* **Material provided**:
________________________

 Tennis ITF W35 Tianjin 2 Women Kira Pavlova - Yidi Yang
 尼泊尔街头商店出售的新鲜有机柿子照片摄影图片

________________________

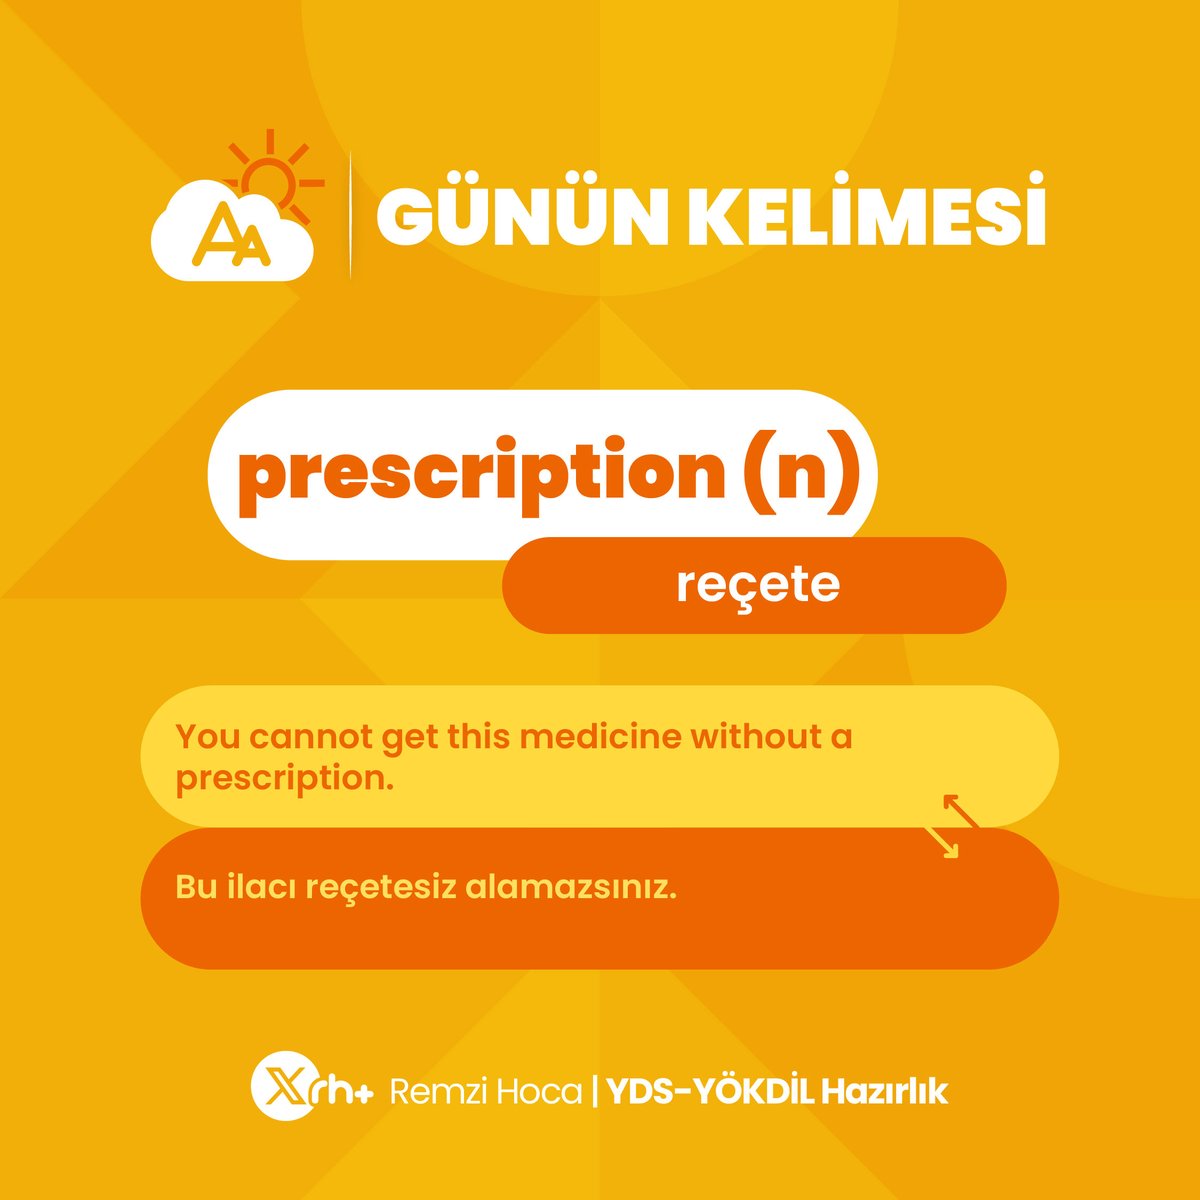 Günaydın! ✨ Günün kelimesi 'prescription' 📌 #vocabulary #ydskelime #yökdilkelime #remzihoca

________________________

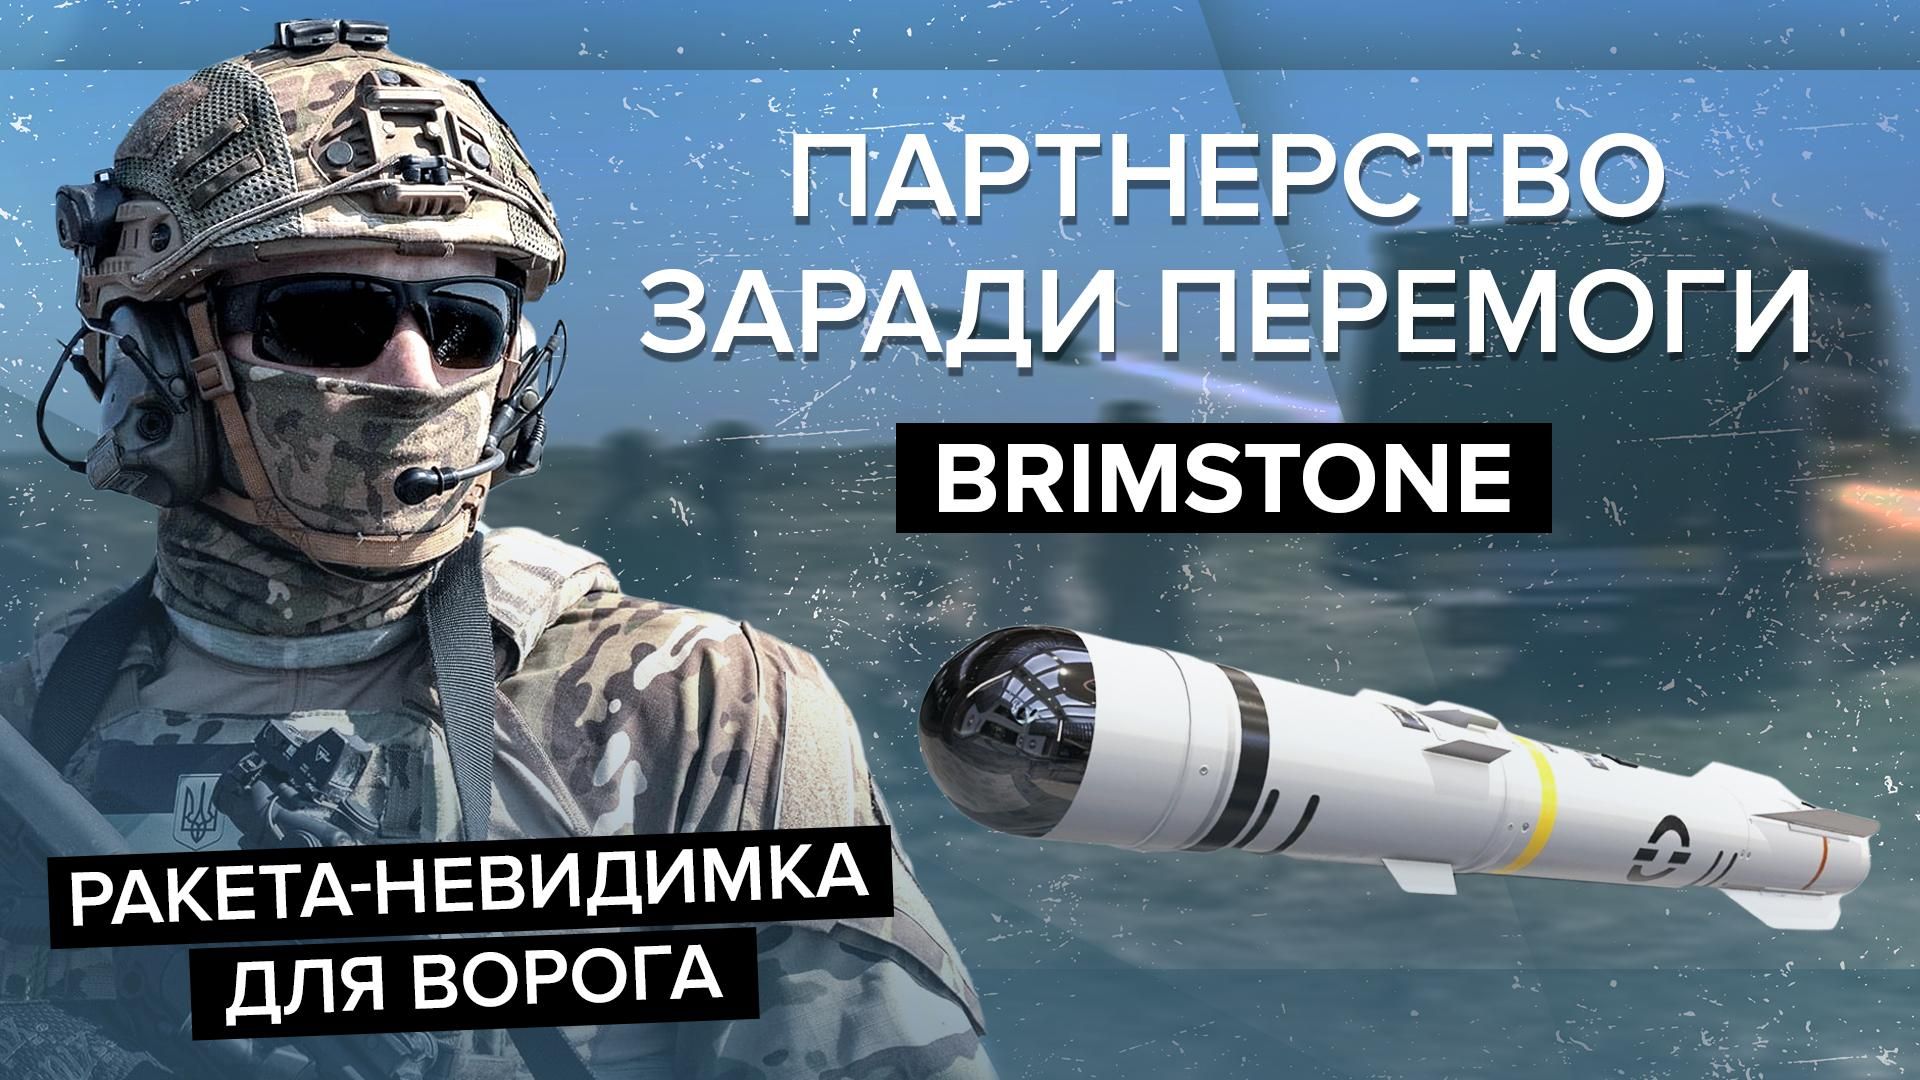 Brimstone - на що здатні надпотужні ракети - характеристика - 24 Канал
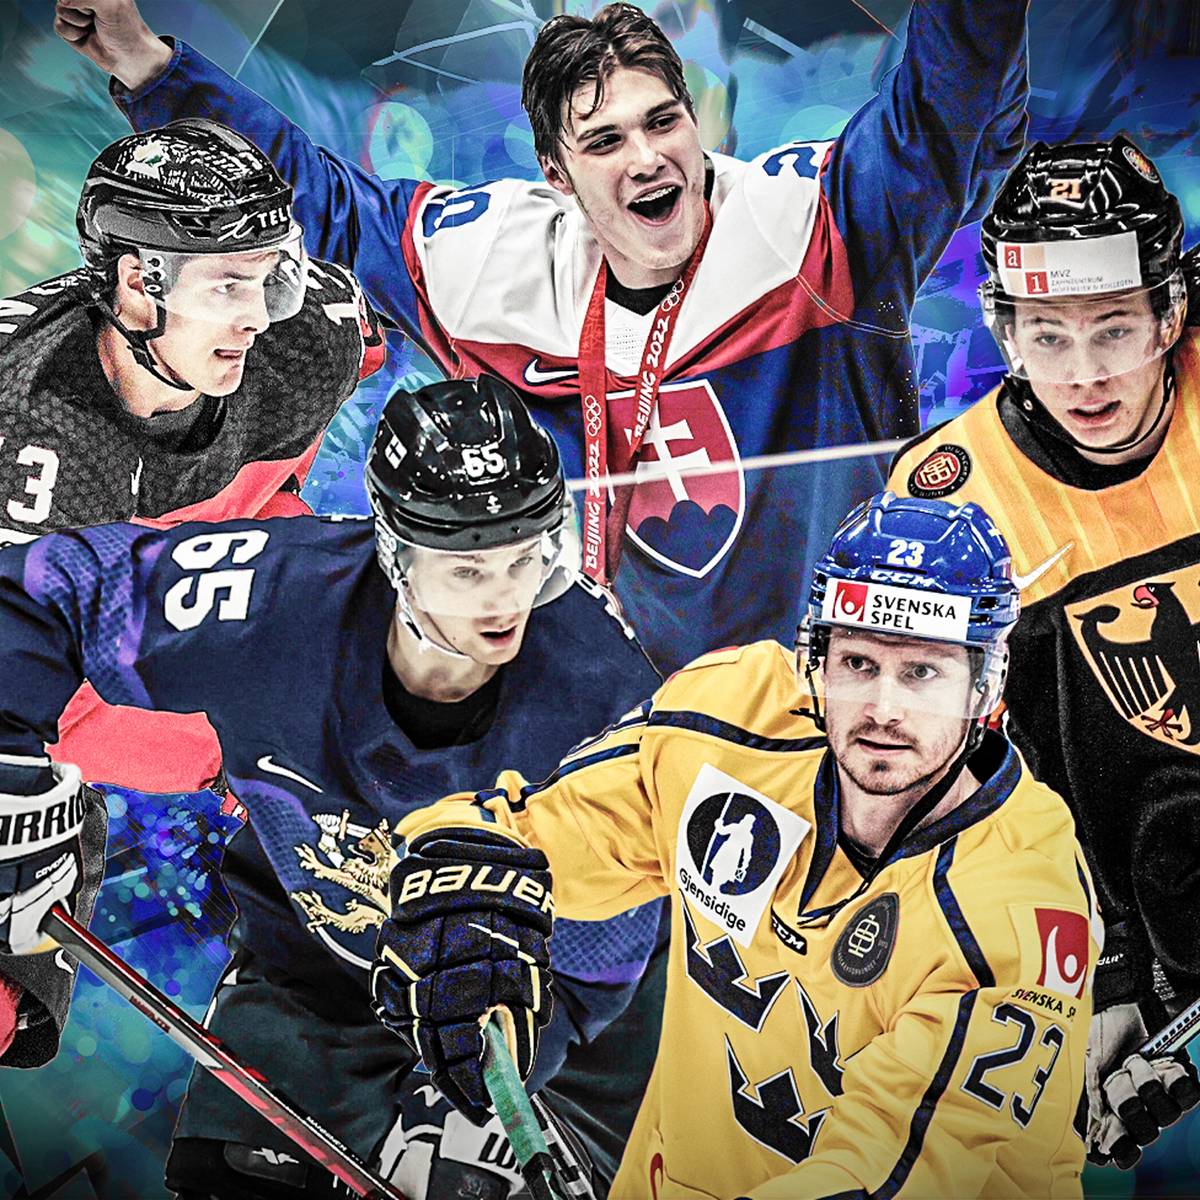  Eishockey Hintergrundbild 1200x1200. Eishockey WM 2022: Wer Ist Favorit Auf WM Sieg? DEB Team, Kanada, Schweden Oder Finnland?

________________________

Keep both end lines and retype everything in the records above from the line containing "Tennis ITF W35" through the line containing "尼泊尔街头商店出售的新鲜有机柿子照片摄影图片", exactly, with nothing else.

 Tennis ITF W35 Tianjin 2 Women Kira Pavlova - Yidi Yang
 尼泊尔街头商店出售的新鲜有机柿子照片摄影图片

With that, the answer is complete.